E na porta mesmo ele estacou com aquele ar ofegante e de súbito paralisado como se tivesse corrido léguas para não chegar tarde de mais. Ela ia sorrir. Para que ele enfim desmanchasse a ansiosa expectativa do rosto, que sempre vinha misturada com a infantil vitória de ter chegado a tempo de encontrá-la chatinha, boa e diligente, a mulher sua. Ela sorria para que de novo ele soubesse que nunca mais haveria o perigo de ele chegar tarde de mais. Ia sorrir para ensinar-lhe docemente a confiar nela. Fora inútil recomendarem-lhes que nunca falassem no assunto: eles não falavam mas tinham arranjado uma linguagem de rosto on­de medo e confiança se comunicavam, e pergunta e resposta se telegrafavam mudas. Ela ia sorrir. Estava demorando um pouco, porém ia sorrir.

Calma e suave, ela disse:

— Voltou, Armando. Voltou.

Como se nunca fosse entender, ele enviesou um rosto sorridente, desconfiado. Seu principal trabalho no momento era procurar reter o fôlego ofegante da corrida pelas esca­das, já que triunfalmente não chegara atrasado, já que ela estava ali a sorrir-lhe. Como se nunca fosse entender.

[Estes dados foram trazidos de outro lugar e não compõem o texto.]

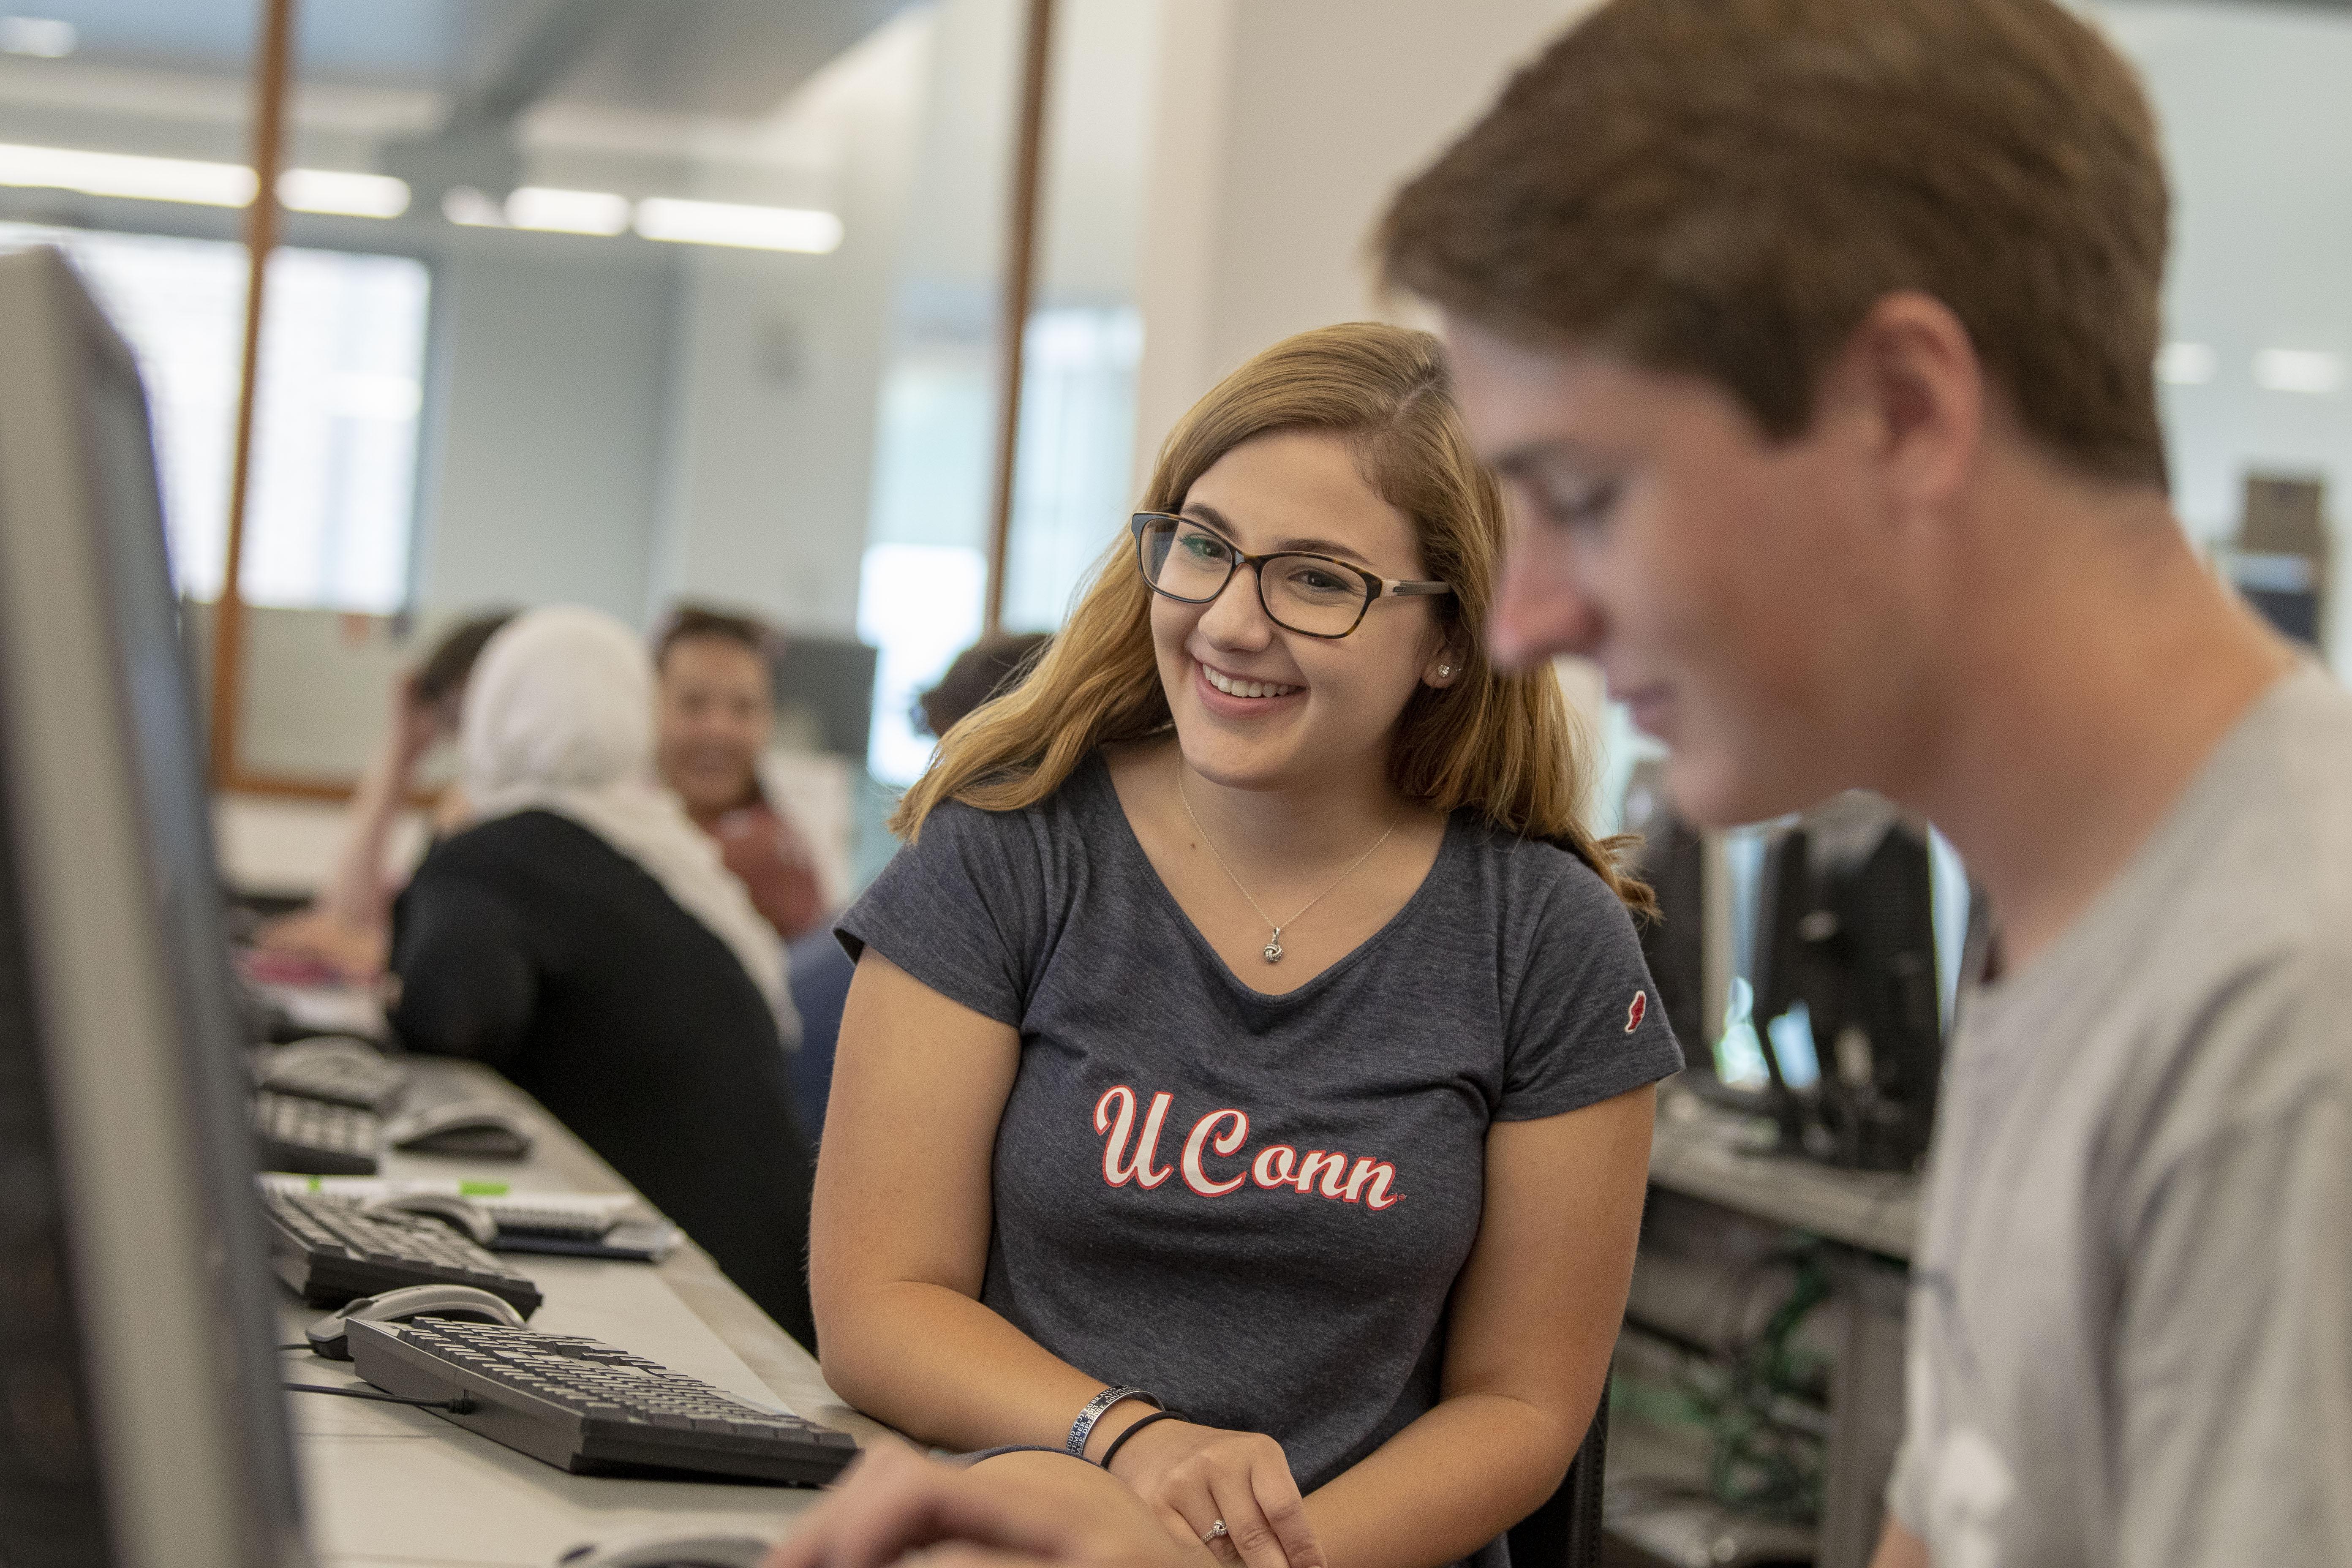 Summer Program - Computer Science | UConn Pre-College Summer: Digital Media - Intro to Programming
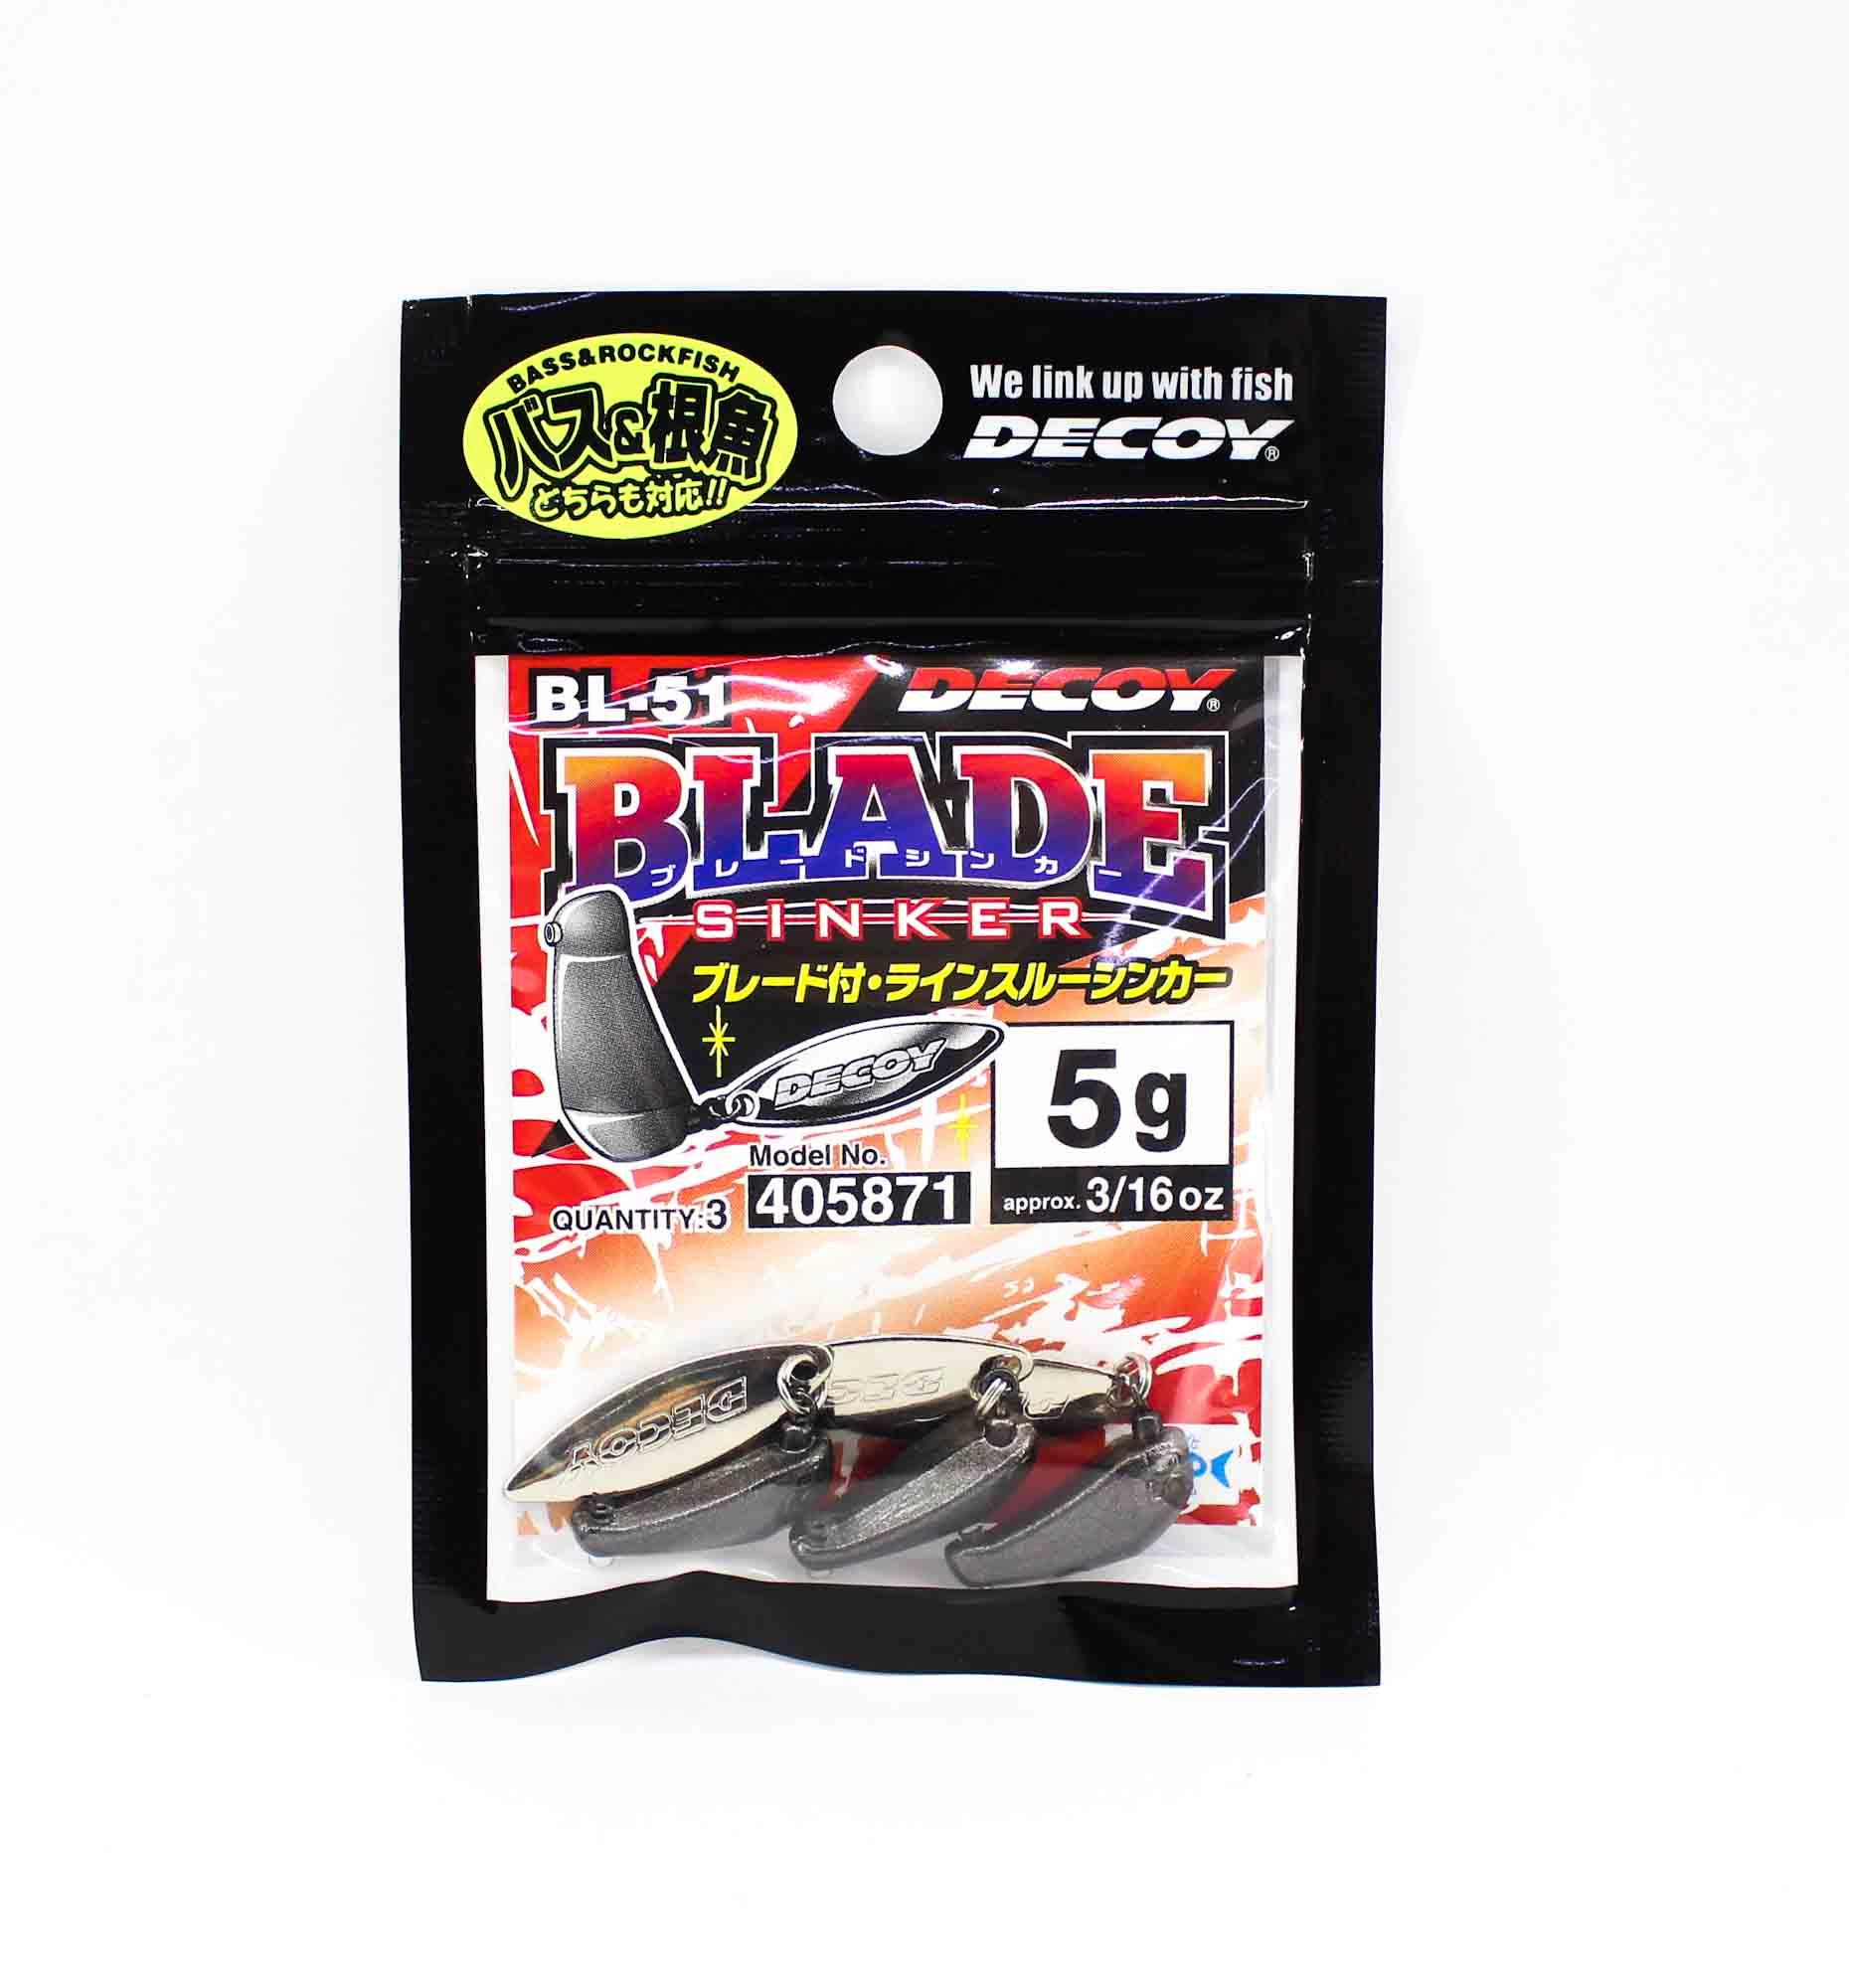 Decoy BL-51 Blade Sinker Size 5 grams (5871)

— Voltou o quê, perguntou afinal num tom inexpressi­vo.

Mas, enquanto procurava não entender jamais, o rosto cada vez mais suspenso do homem já entendera, sem que um traço se tivesse alterado. Seu trabalho principal era ganhar tempo e se concentrar em reter a respiração. O que de repente já não era mais difícil. Pois inesperadamente ele percebia com horror que a sala e a mulher estavam calmas e sem pressa. Mais desconfiado ainda, como quem fosse terminar enfim por dar uma gargalhada ao constatar o ab­surdo, ele no entanto teimava em manter o rosto enviesado, de onde a olhava em guarda, quase seu inimigo. E de onde começava a não poder se impedir de vê-la sentada com mãos cruzadas no colo, com a serenidade do vaga-lume que tem luz.

No olhar castanho e inocente o embaraço vaidoso de não ter podido resistir.

— Voltou o quê, disse ele de repente com dureza.

— Não pude impedir, disse ela, e a derradeira piedade pe­lo homem estava na sua voz, o último pedido de perdão que já vinha misturado à altivez de uma solidão já quase perfeita. Não pude impedir, repetiu, entregando-lhe com alívio a pieda­de que ela com esforço conseguira guardar até que ele chegas­se. Foi por causa das rosas, disse com modéstia.

Como se fosse para tirar o retrato daquele instante, ele manteve ainda o mesmo rosto isento, como se o fotógrafo lhe pedisse apenas um rosto e não a alma. Abriu a boca e involuntariamente a cara tomou por um instante a expres­são de desprendimento cómico que ele usara para esconder o vexame quando pedira aumento ao chefe. No instante se­guinte, desviou os olhos com vergonha pelo despudor de sua mulher, que, desabrochada e serena, ali estava.

Mas de súbito a tensão caiu. Seus ombros se abaixaram, os traços do rosto cederam e uma grande pesadez relaxou-o. Ele a olhou envelhecido, curioso.

Ela estava sentada com o seu vestidinho de casa. Ele sa­bia que ela fizera o possível para não se tornar luminosa e inalcançável. Com timidez e respeito, ele a olhava. Envelhe­cido, cansado, curioso. Mas não tinha uma palavra sequer a dizer. Da porta aberta via sua mulher que estava sentada no sofá sem apoiar as costas, de novo alerta e tranquila co­mo um trem. Que já partira.